Santa Ana was supposed to be a quick stop in a big city, El Salvador´s second city after San Salvador, before moving onto Honduras, but we found ourselves staying for longer that we planned due to the relaxing atmosphere of our hostel Casa Frolaz which was a beautiful colonial style home that the gracious and friendly owner, Javier, had converted into an hospedaje. We stayed in a comfortable bed and enjoyed a huge shower with hot water (not very common), a massive kitchen, a courtyard with lime trees, and a comfortable living room with a great selection of DVDs. We explored the city´s Central Plaza and church, its huge market and its very US-like mall (we even ate a Wendy´s burger). We got a good vibe in this city and were able to really experience the night life in El Salvador when Javier´s nephew and his friends took us out for a night. We drank beer, listened to live music, bought a piece of art from a spray-paint artist and ended the night some intoxicated teens who were big fans of Max´s recently purchased Barcelona shirt. We spent the next day lazing around watching movies and planning our trip to Honduras.

Copan Ruinas - Honduras

After another harrowing day of border crossing and uncomfortable bus travel we made it to Copan Ruinas, a town aptly named because of its close vicinity to the Mayan Ruins of Copan.

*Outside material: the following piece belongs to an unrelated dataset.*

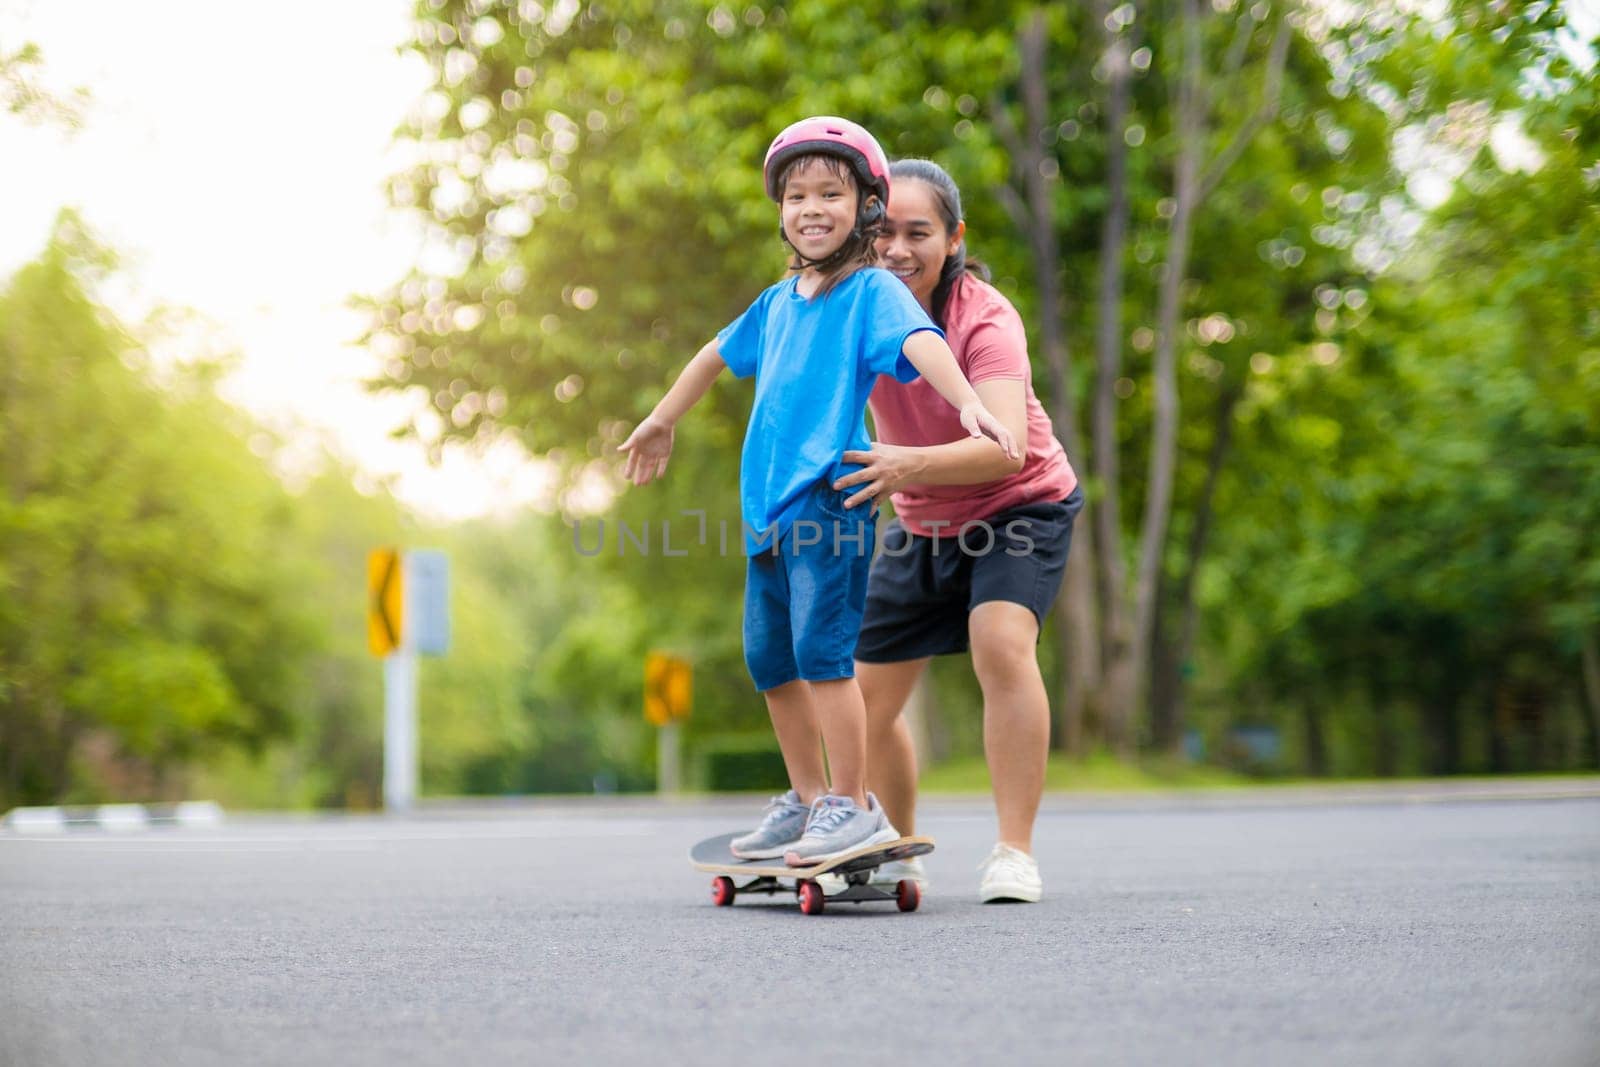 Active little girl and mom enjoy skateboarding. Cute little girl wearing helmet practicing skateboarding in park. Mother trains her daughter to skateboard. Outdoor sports for children.

Copan Ruinas was actually a nice place to stay while we took part in nearby excursions, despite the large amount of tourists in the town. We spent the first day visiting the Mayan Ruins at Copan, known for their engravings and sculptures which are extremely ornate and unique. Although an interesting cultural site, these ruins were a little underwhelming and over-priced, requiring side fees for nearly every exciting part of the park (and after experiencing the wonder of Tikal its hard to be impressed by any ruins). We did however catch our first glimpse of a Macaw, the largest and most stunning bird we have ever seen in the wild.

Thanks to that sighting and a recommendation from some German travellers that we met in El Salvador, we decided to visit the Macaw Mountain Animal Sanctuary. With a guided tour through the park we were intimately introduced to hundreds exotic birds who had been kept as pets but mistreated or unable to be cared for. Apparently macaws can live as long as humans and are difficult to care for, requiring a lifelong commitment that most aren´t ready for: thus the reserve exists for birds who have lived as domesticated pets for their entire lives and so are unable to live in the wild but no longer have homes. It was heartbreaking to see some of the most recently adopted birds who would bite out their own feathers, an indication of stress. But it was also uplifting to see the birds who had adjusted, how well cared for they were and how spacious and well-kept their cages were. In total we saw at least 3 different kinds of Macaws, 2 kinds of Toucans, parakeets, owls, hawks and even something called a monkey night (or night monkey, the guide might have been confused about the traslation). OK, so the monkey night isn´t a bird, but it is a wonderful monkey/lemur like creature that kept holding our hands and even howled when we left, it fell in love with us and gosh darn it we fell in love with it. We even got to hold the birds on our arms and shoulders (see picture at the link at the bottom of this post).

Lago de Yojoa - Honduras

We decided to stop off and visit the Lago De Yojoa, a magnificent lake located on our way to the Caribbean Coast, and motivated in part by the blurb in our book about a small microbrewery/hostel that we could visit in the area (and so far the only one we´ve seen in Central America). We stayed at the brewery in a very basic room, enjoyed some delicious, tangy and not sweet, Apricot and Raspberry ales, and took a nice hike to the lake. It was a short worthwhile visit for the best fruit beer we´ve ever had.

Trujillo - Honduras

It took us longer than expected to reach Trujillo and at first it seemed like it wasn´t worth the difficult trip. The beach was dirty and cloudy, the town was deserted and unfriendly and the room we stayed in was claustraphobic. Fortunately, after a couple days of wondering why we had bothered with the 6 hour chicken bus ride we found Casa Alemania, an inviting hostel and a second home, a little ways out of town. The owners comprised an entertaining duo: a large, stereo-typical German man and his small but stout Honduran wife who were hilarious and welcoming. The weather turned up, and we found some nicer beach with cleaner sand and calm waters, ate some delicious shrimp with rice and enjoyed one of the best sunsets ever.

Roatan - Honduras

Roatan is literally paradise: the waters are turquoise, crystal clear and unbelievably calm, the sand so fine and white that it actually shimmers. Tropical fish swim by your feet as you relax in the still waters and you don´t even need a snorkel to admire them. Roatan was so paradisical that we never wanted to leave, and we actually ended up staying on this amazing caribbean island for 17 days, longer than we have stayed anywhere else on this journey.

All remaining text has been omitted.